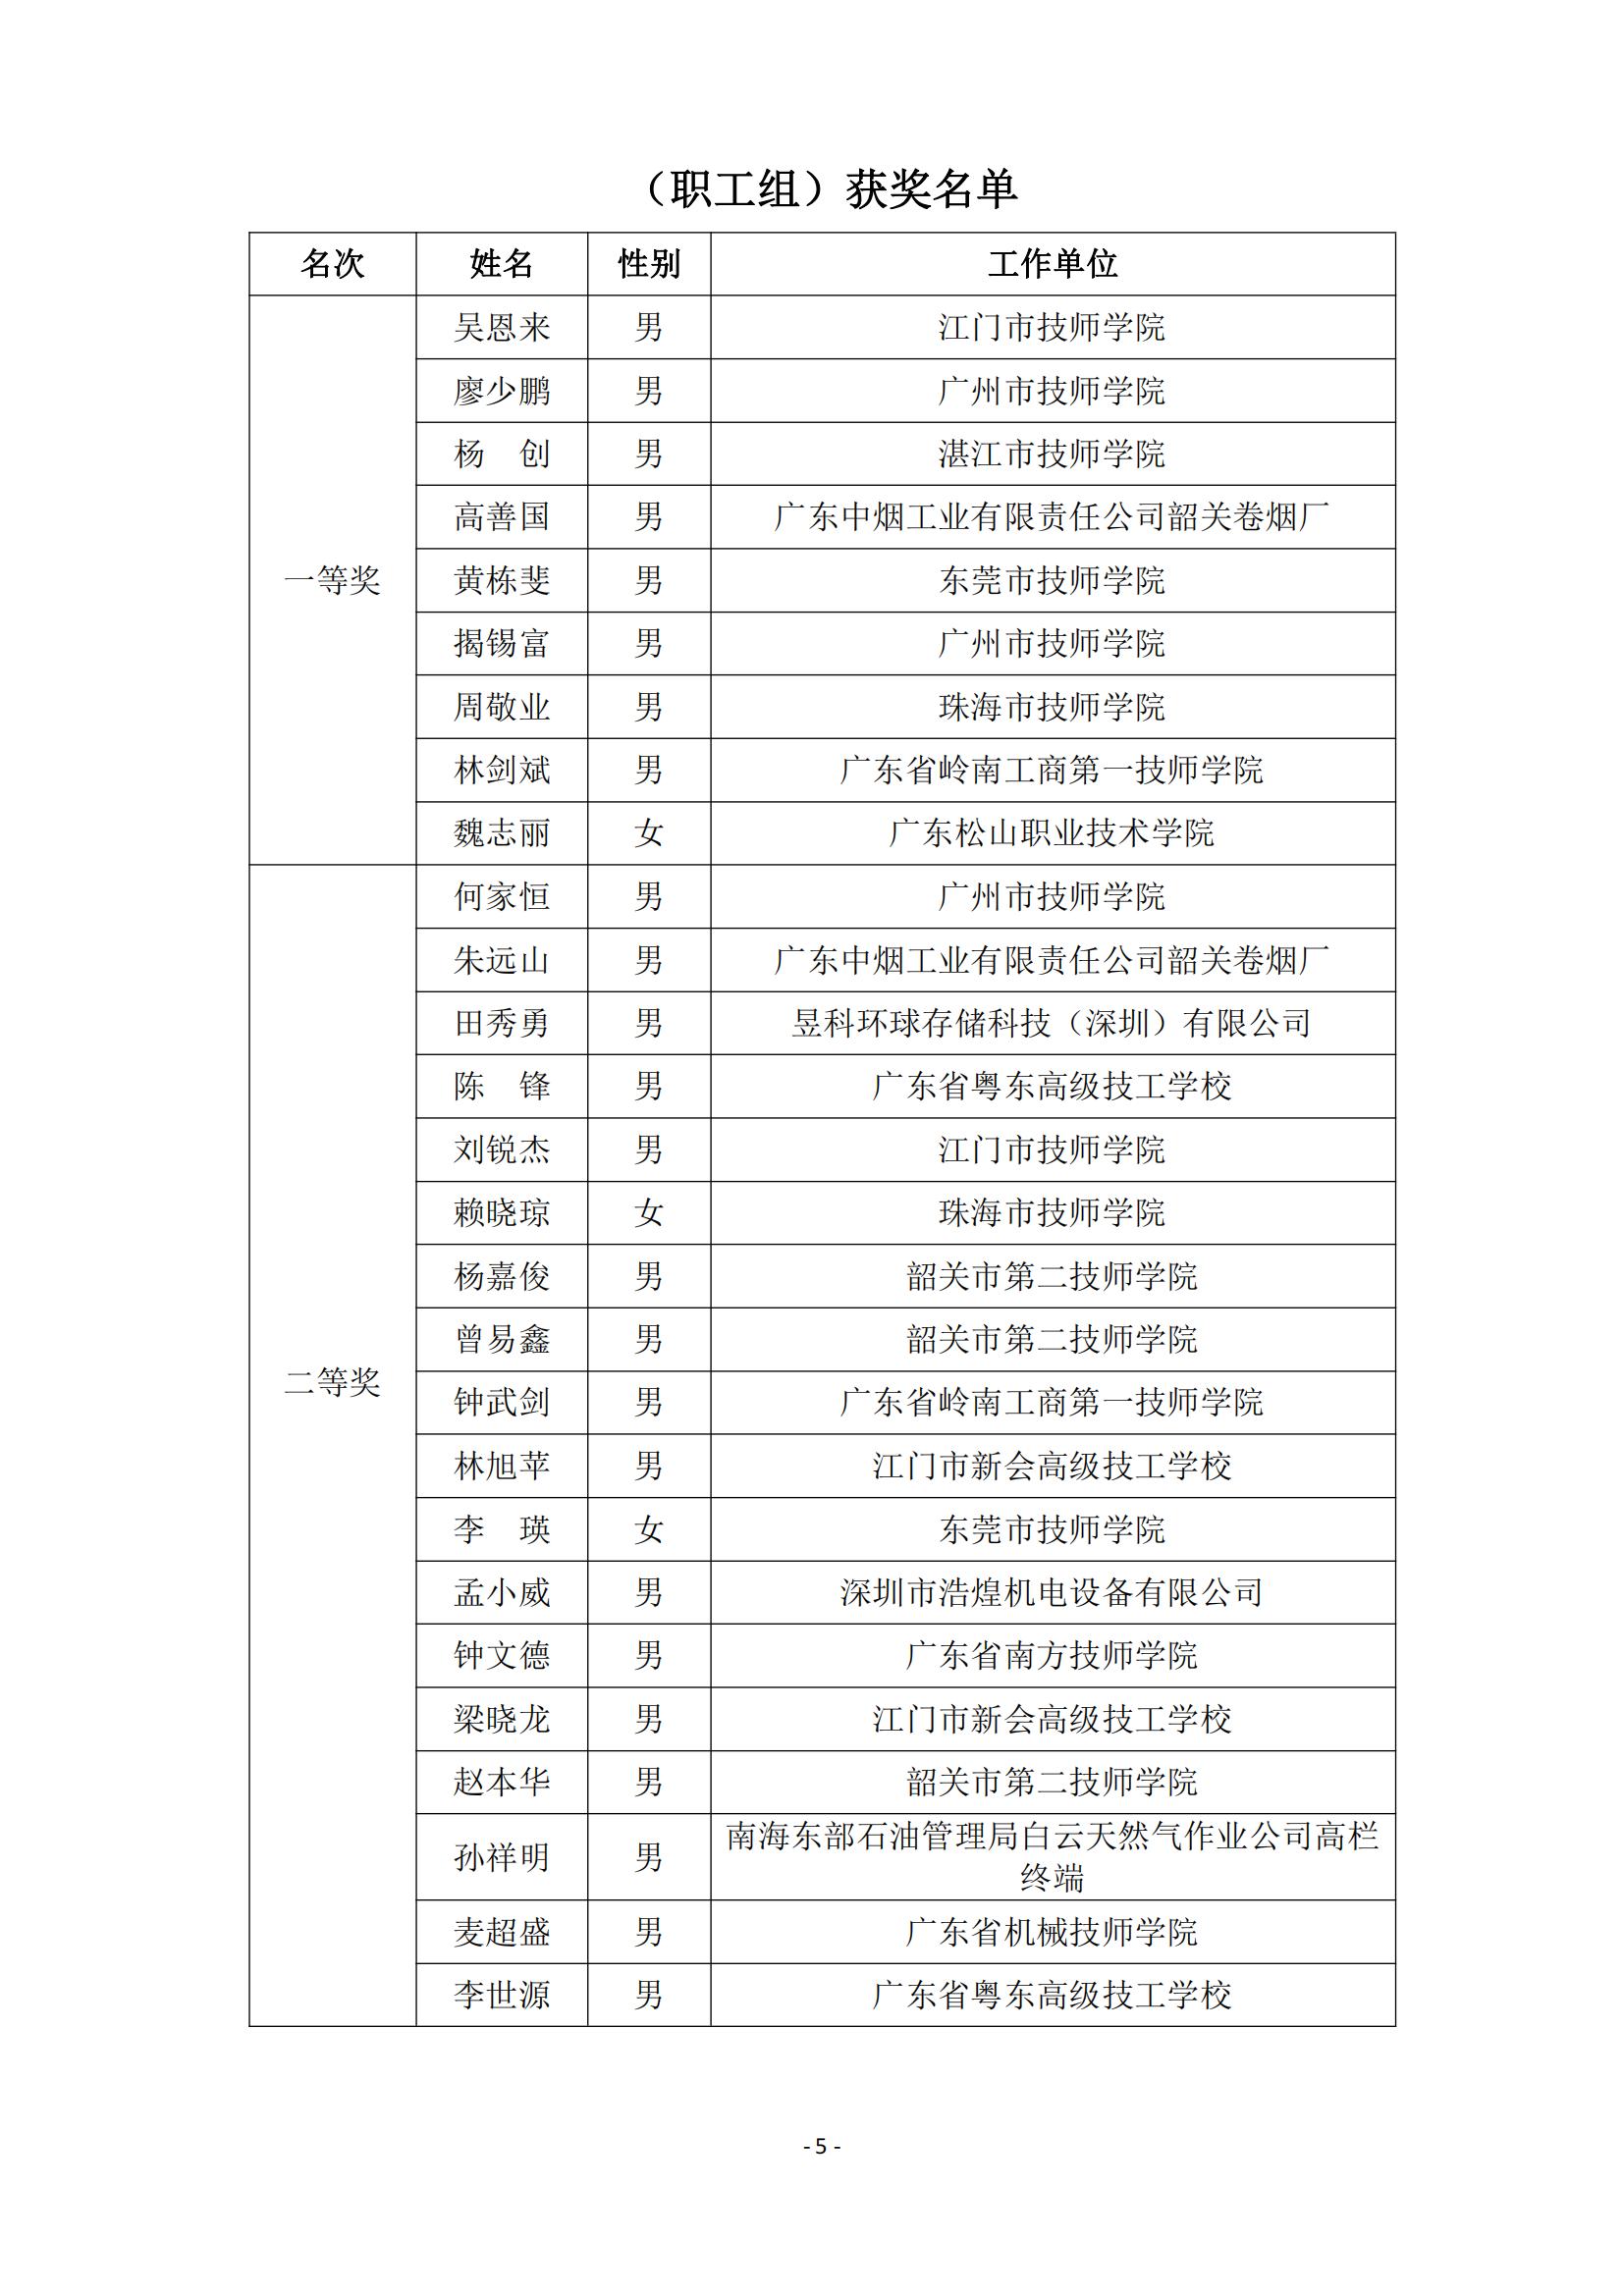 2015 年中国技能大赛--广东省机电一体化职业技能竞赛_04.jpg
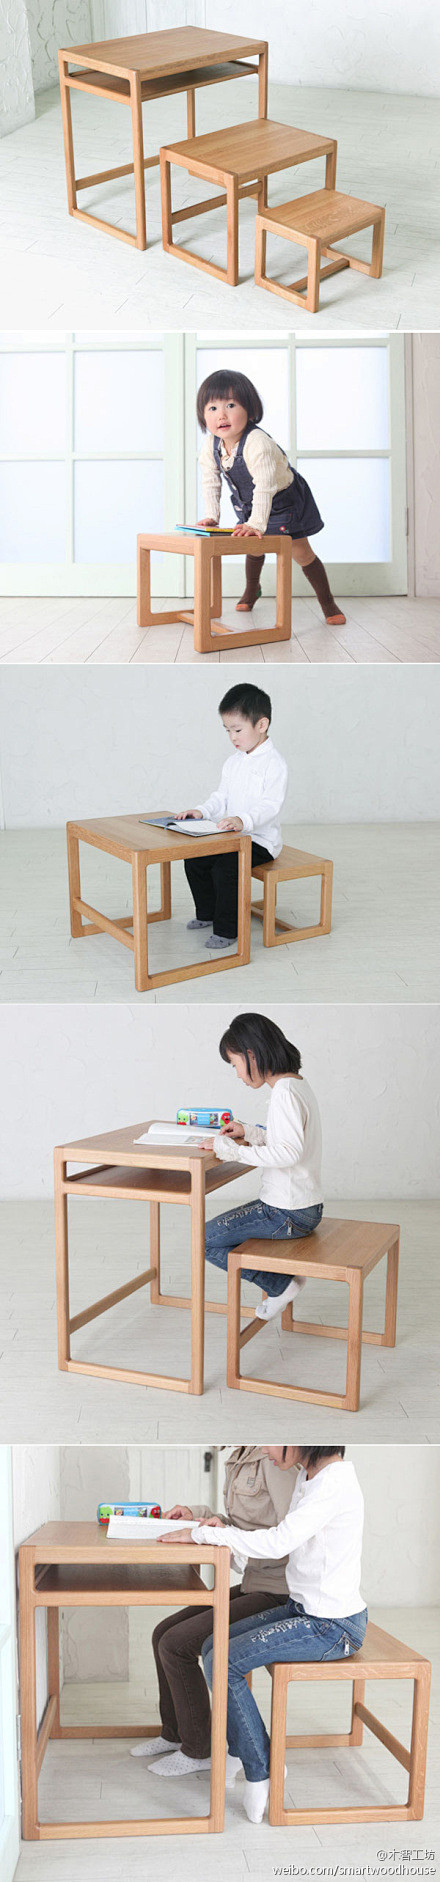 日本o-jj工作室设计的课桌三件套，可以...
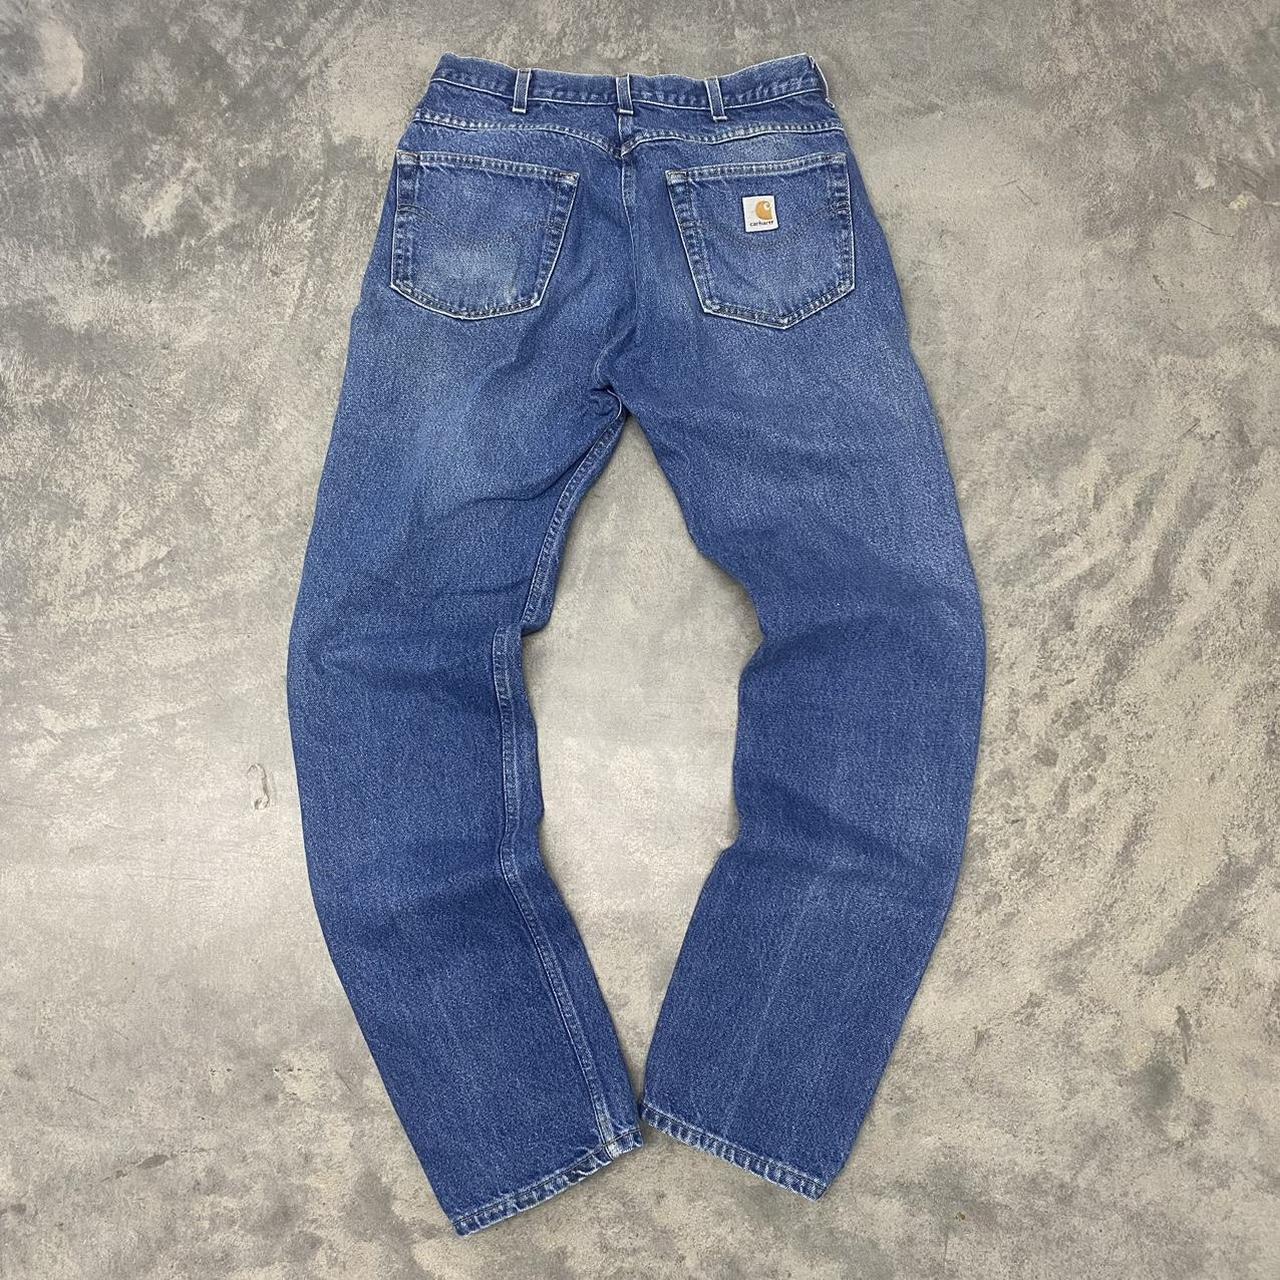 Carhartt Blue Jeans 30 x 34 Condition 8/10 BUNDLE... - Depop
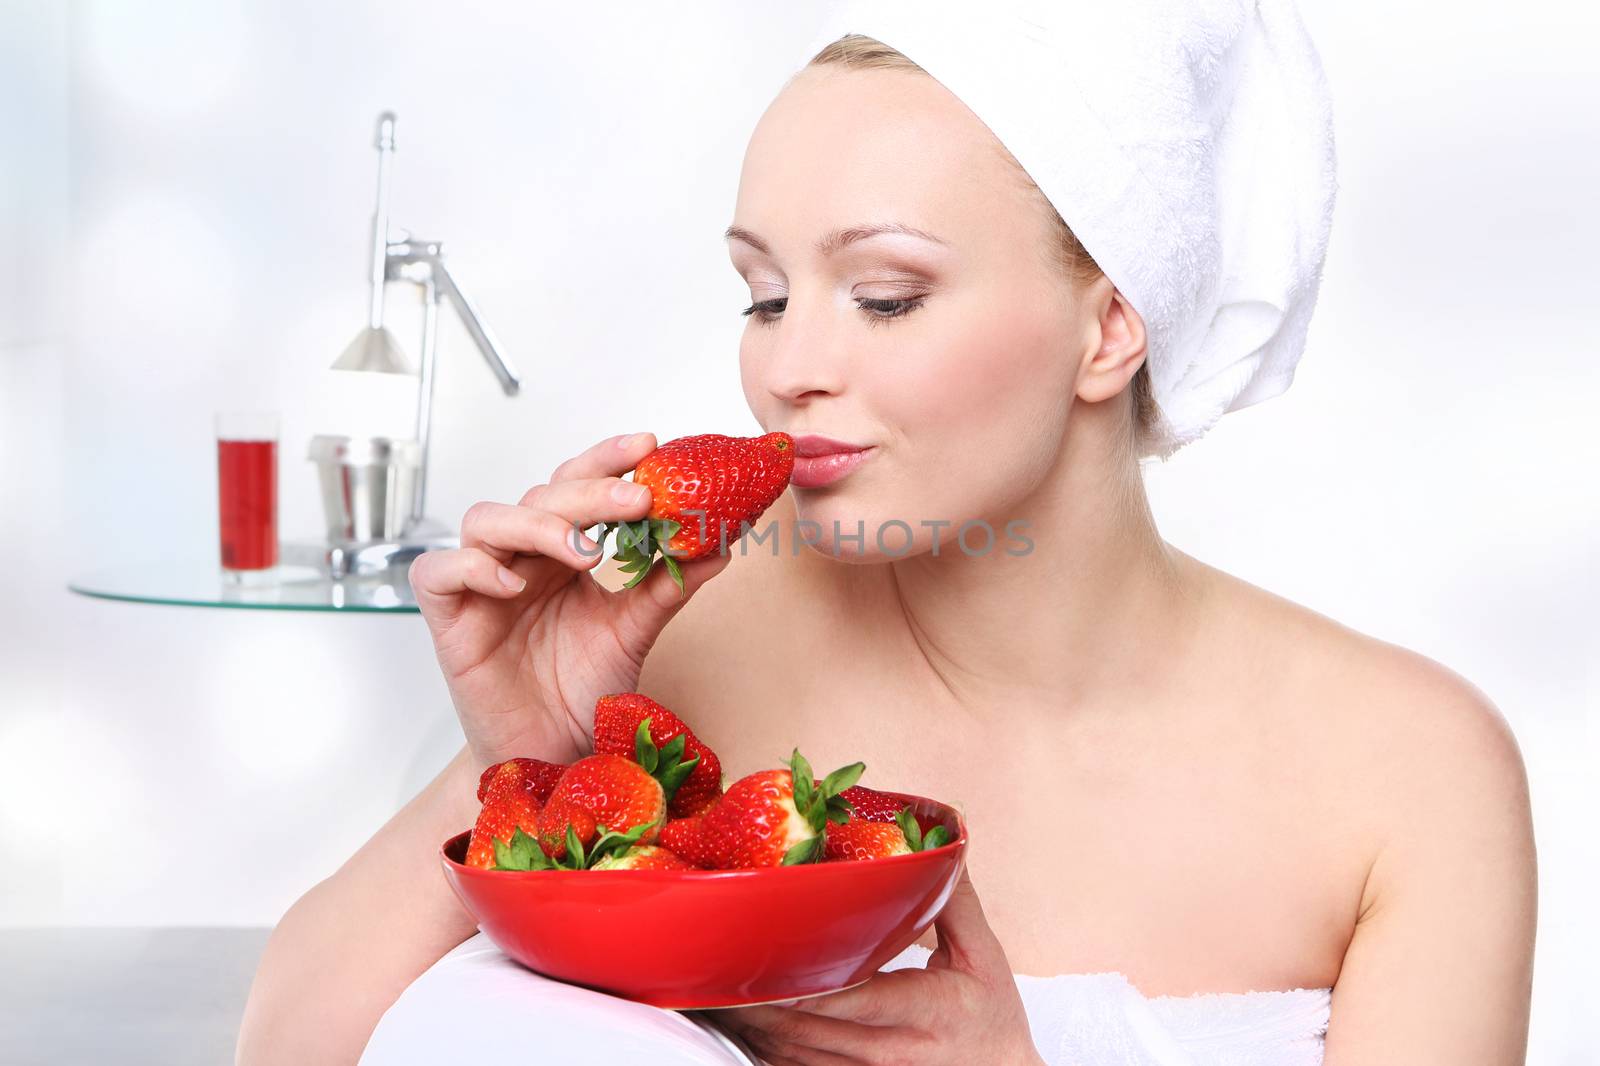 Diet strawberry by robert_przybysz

▸ HOW TO COMPLETE THIS TASK: For this step, transcribe all the material above exactly and drop the images.

▸ RESULT OF THIS TASK:
 2015 年中国技能大赛--广东省机电一体化职业技能竞赛_04.jpg
 日本o-jj工作室设计的课桌三件套，可以...
 Carhartt Blue Jeans 30 x 34 Condition 8/10 BUNDLE... - Depop
 Diet strawberry by robert_przybysz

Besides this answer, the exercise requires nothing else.